- [Exercise prompt]: Any picture in the data below should be skipped, while every line is repeated exactly.

- [Provided material]:
※ ※ ※

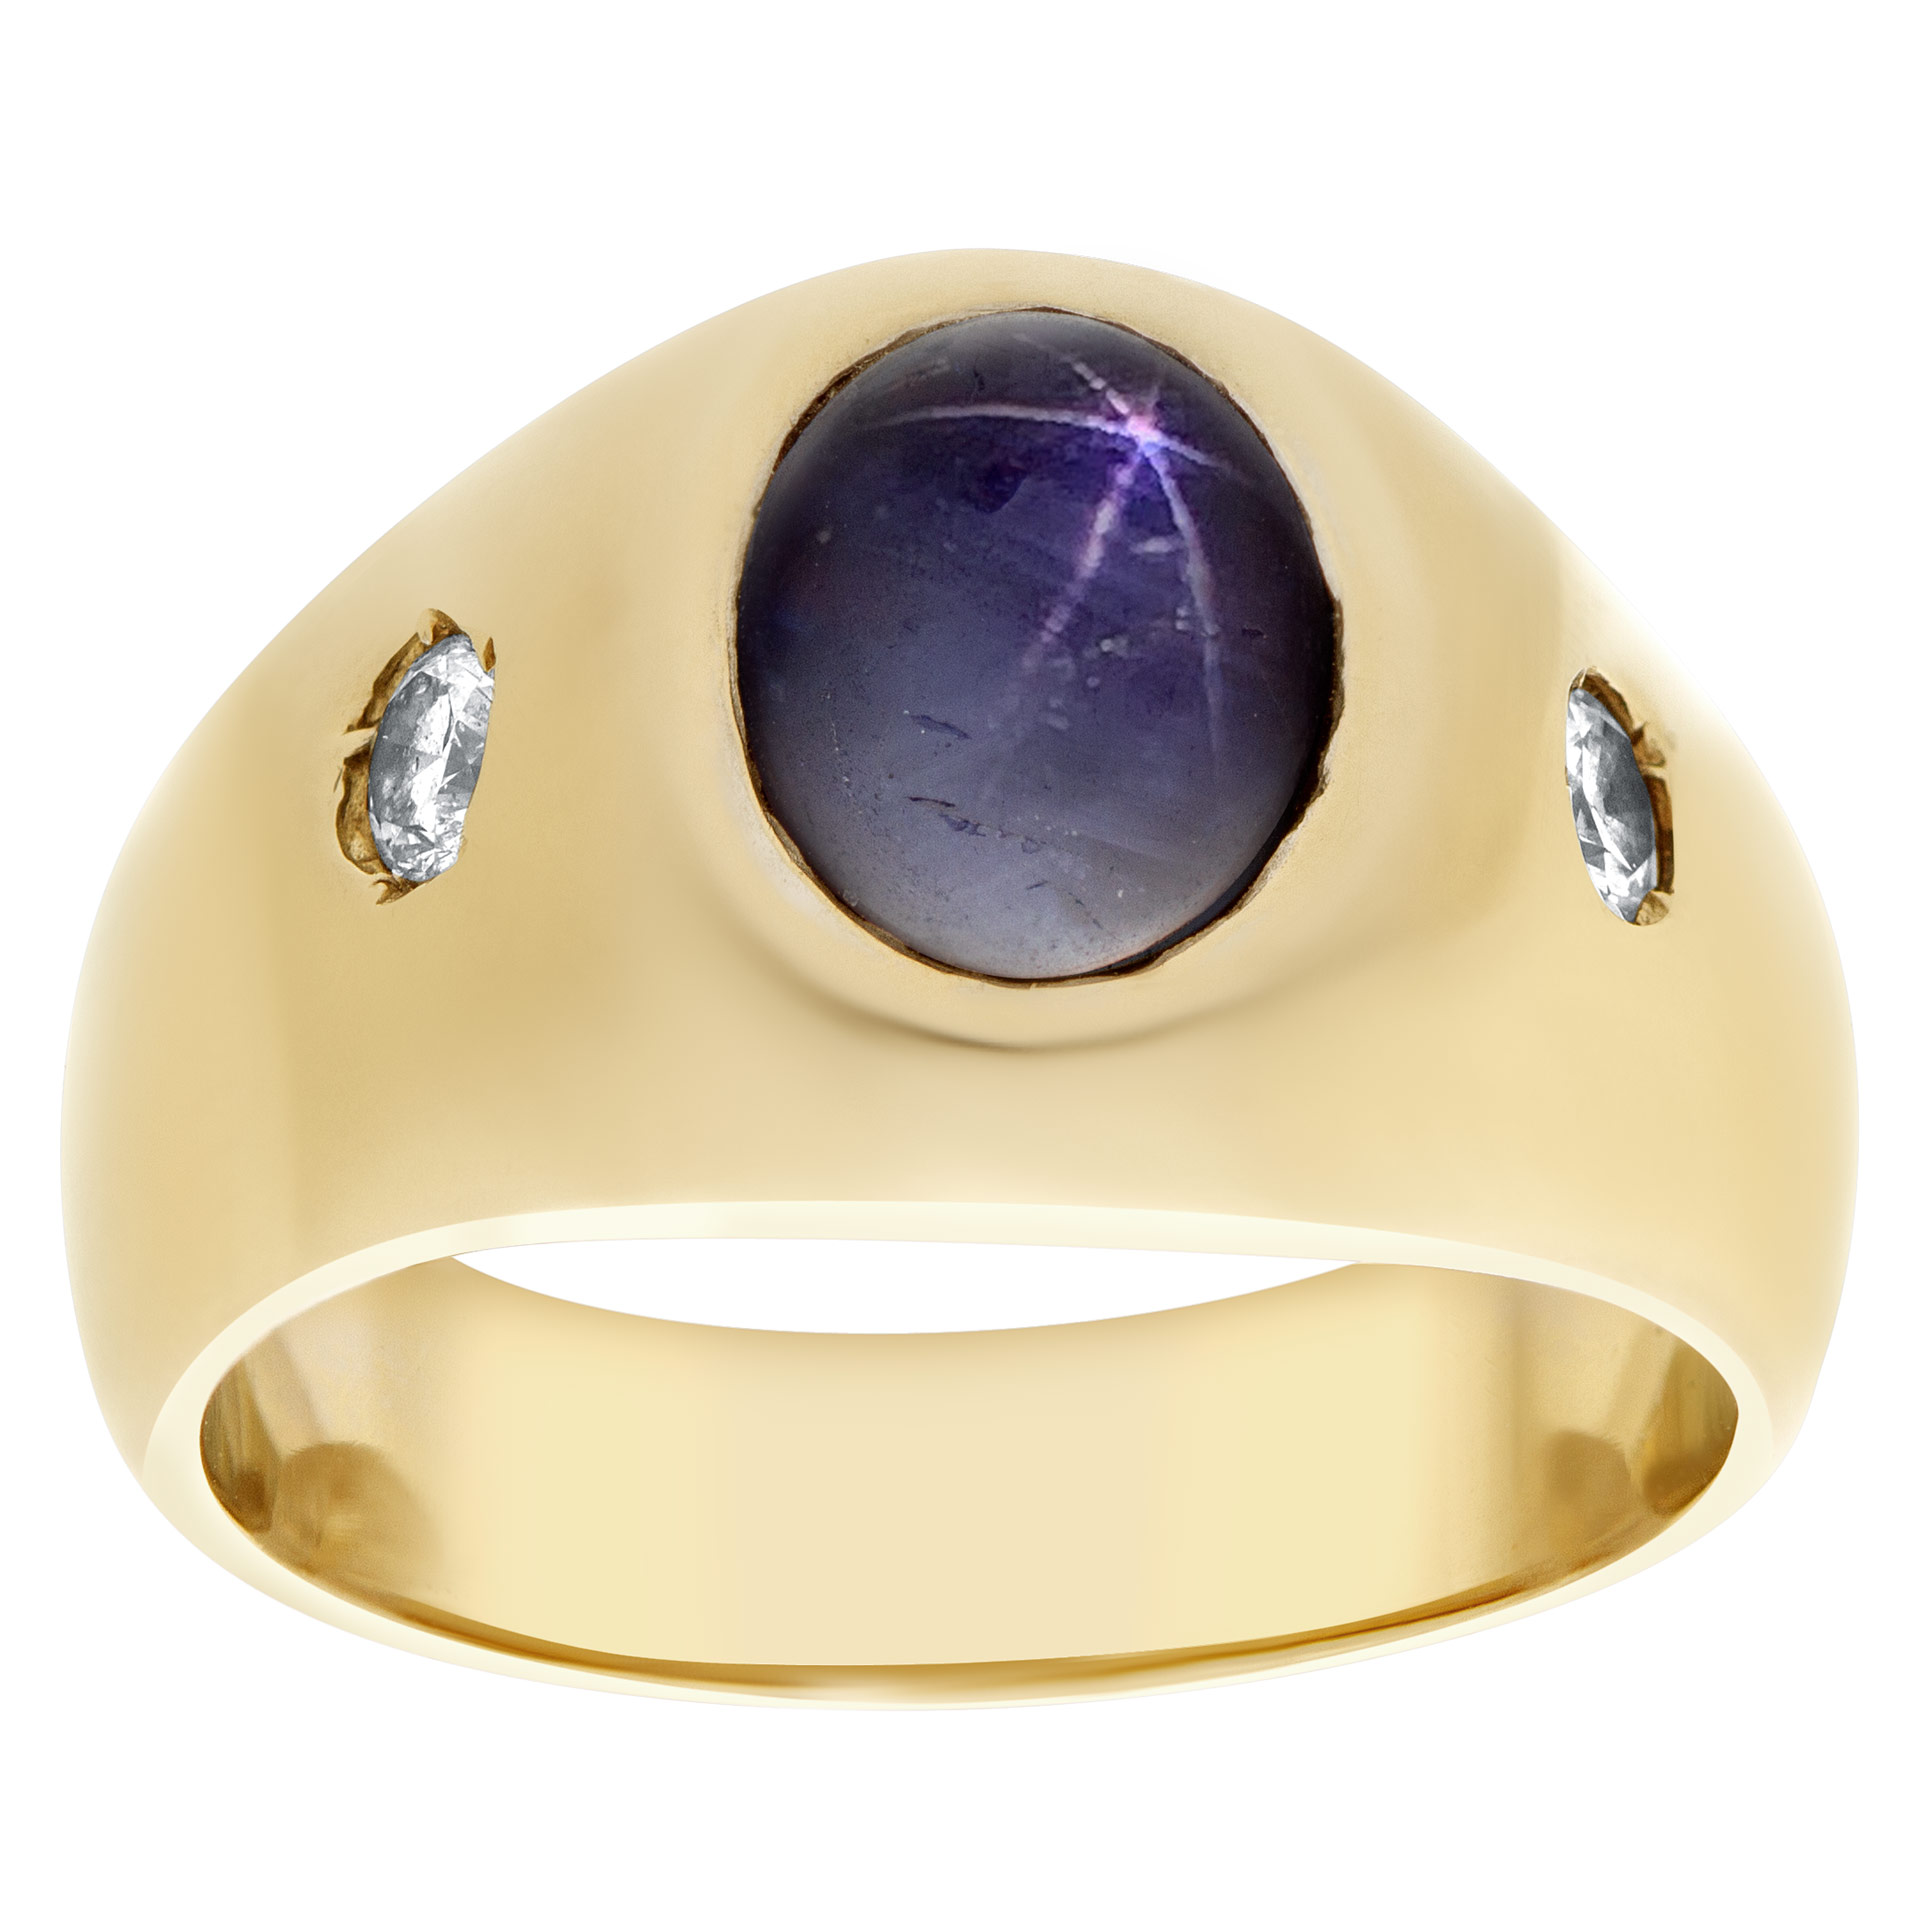 Star sapphire ring in 18k with two side diamond accents
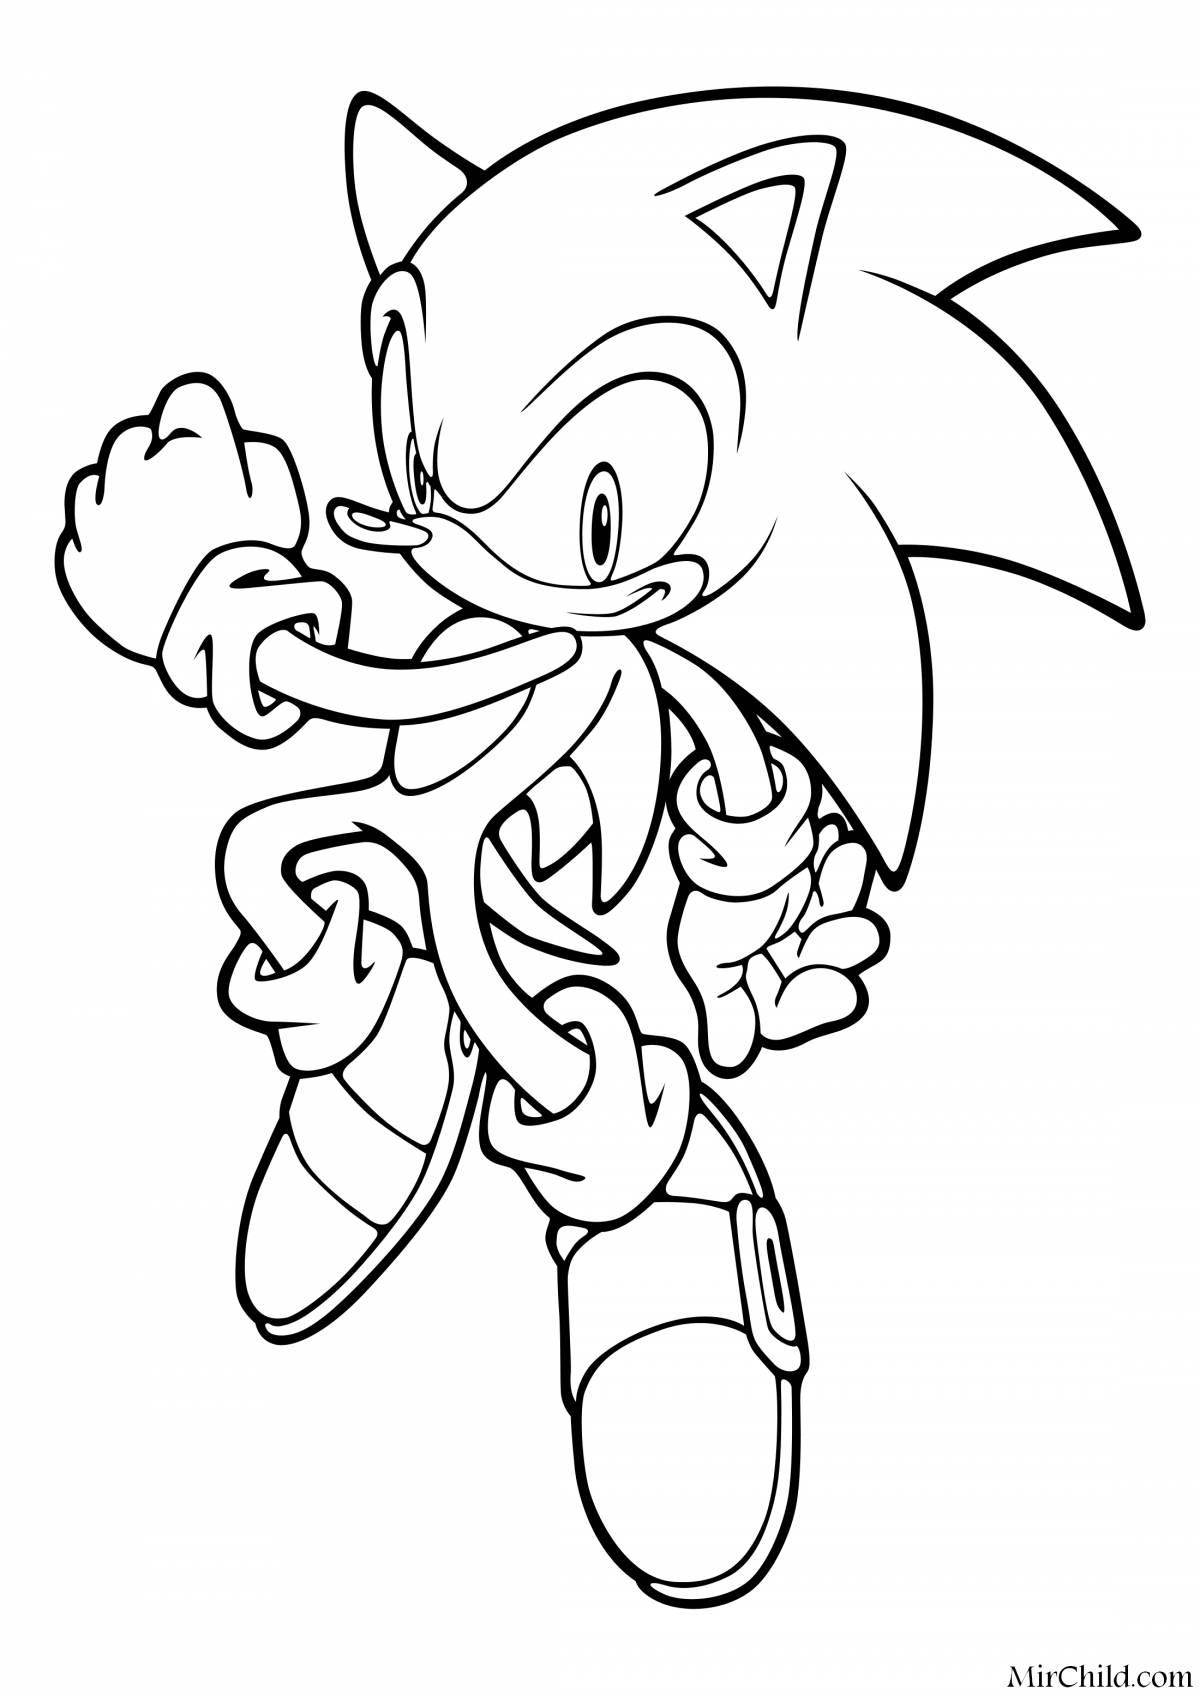 Sonic prime dazzling coloring book
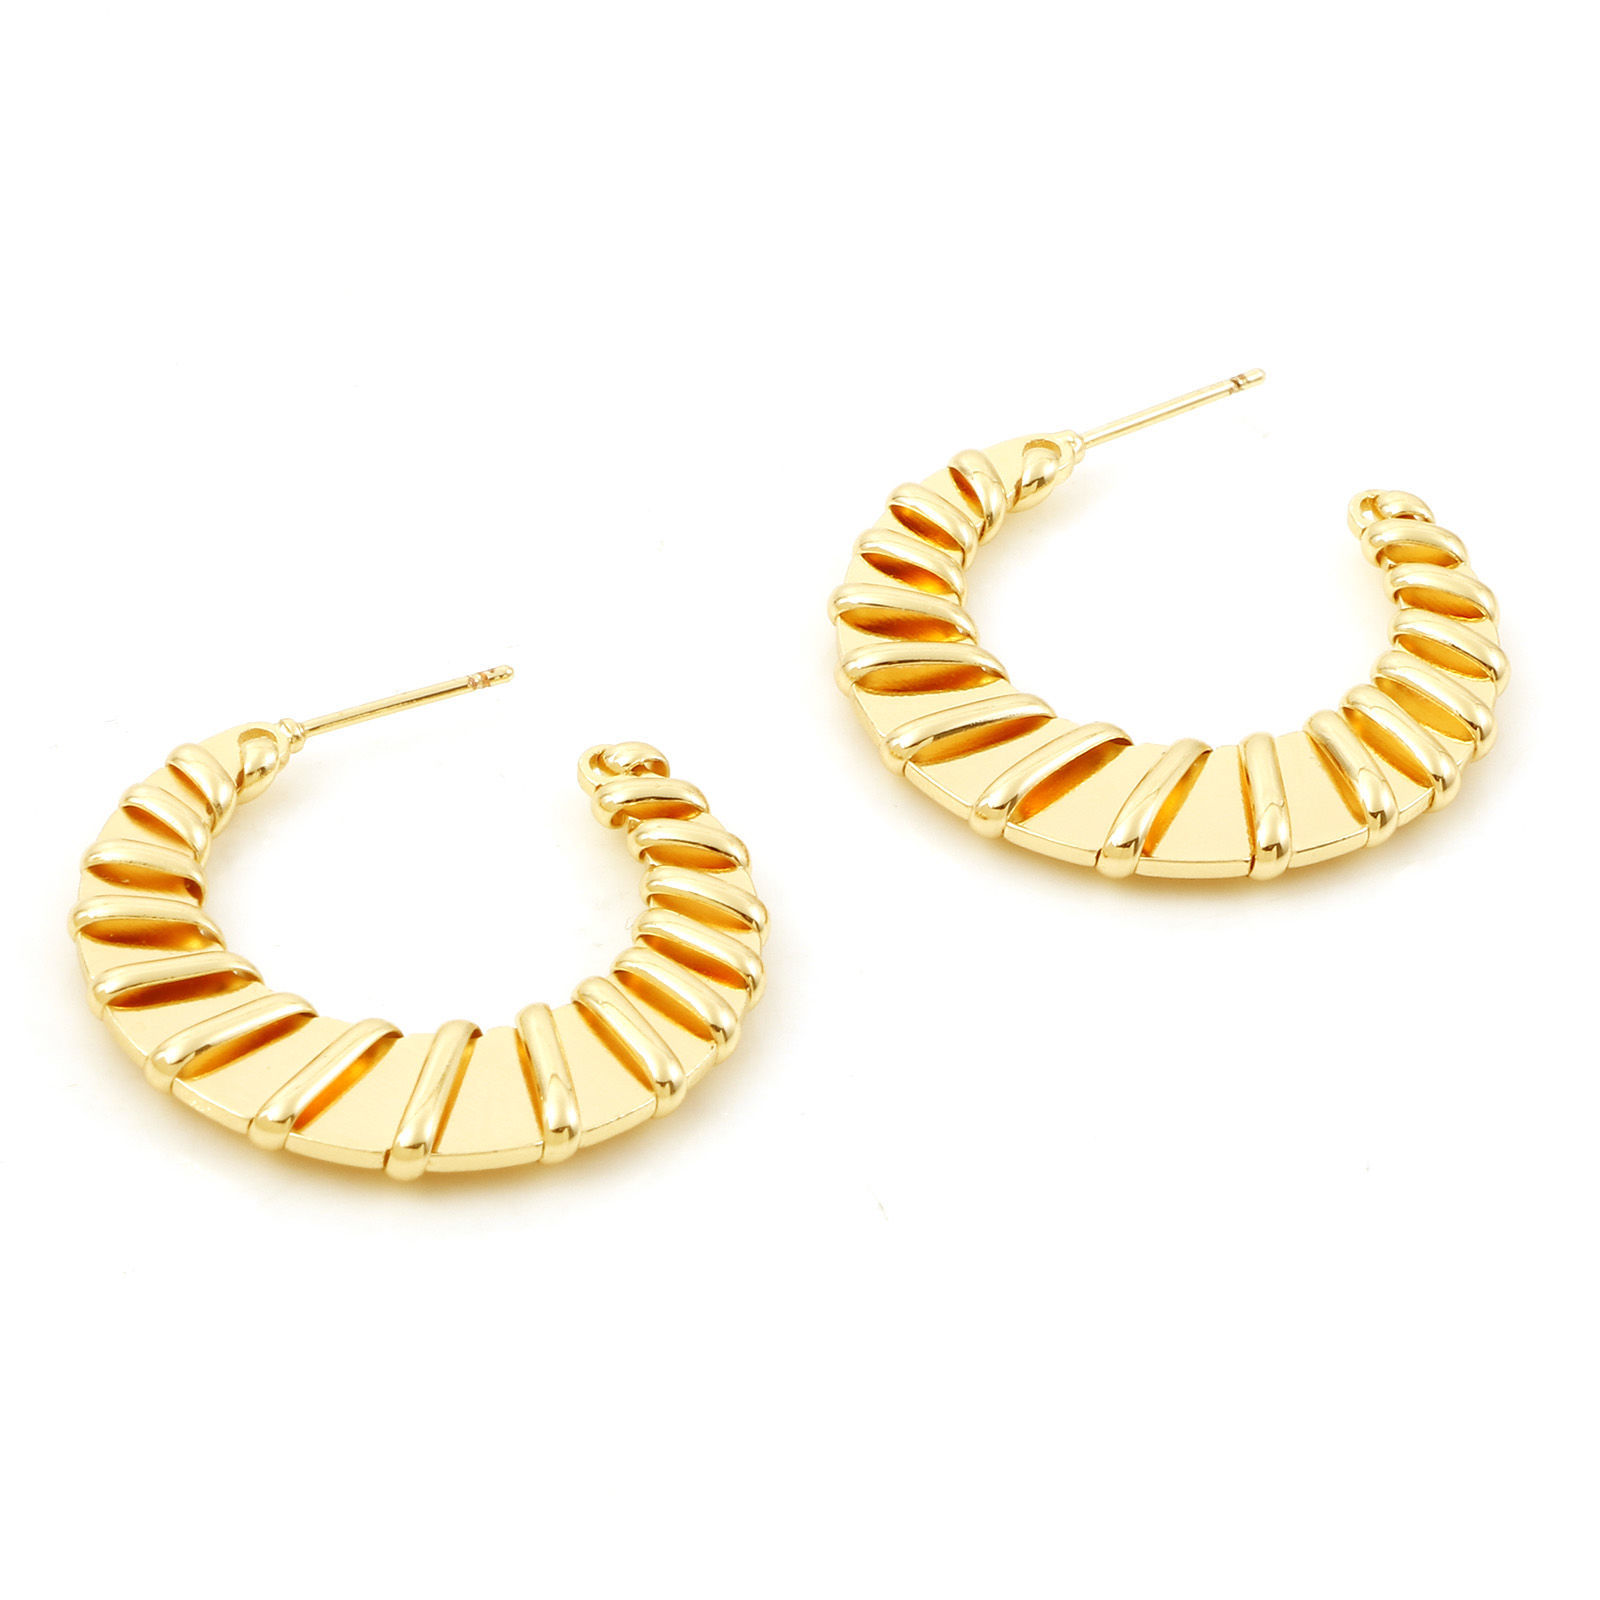 Picture of Copper Stylish Hoop Earrings Real Gold Plated C Shape 3.1cm x 3cm, Post/ Wire Size: (21 gauge), 30 PCs

※ ※ ※

- [Answer for the task]:
 Star sapphire ring in 18k with two side diamond accents
 Sonic prime dazzling coloring book
 Picture of Copper Stylish Hoop Earrings Real Gold Plated C Shape 3.1cm x 3cm, Post/ Wire Size: (21 gauge), 30 PCs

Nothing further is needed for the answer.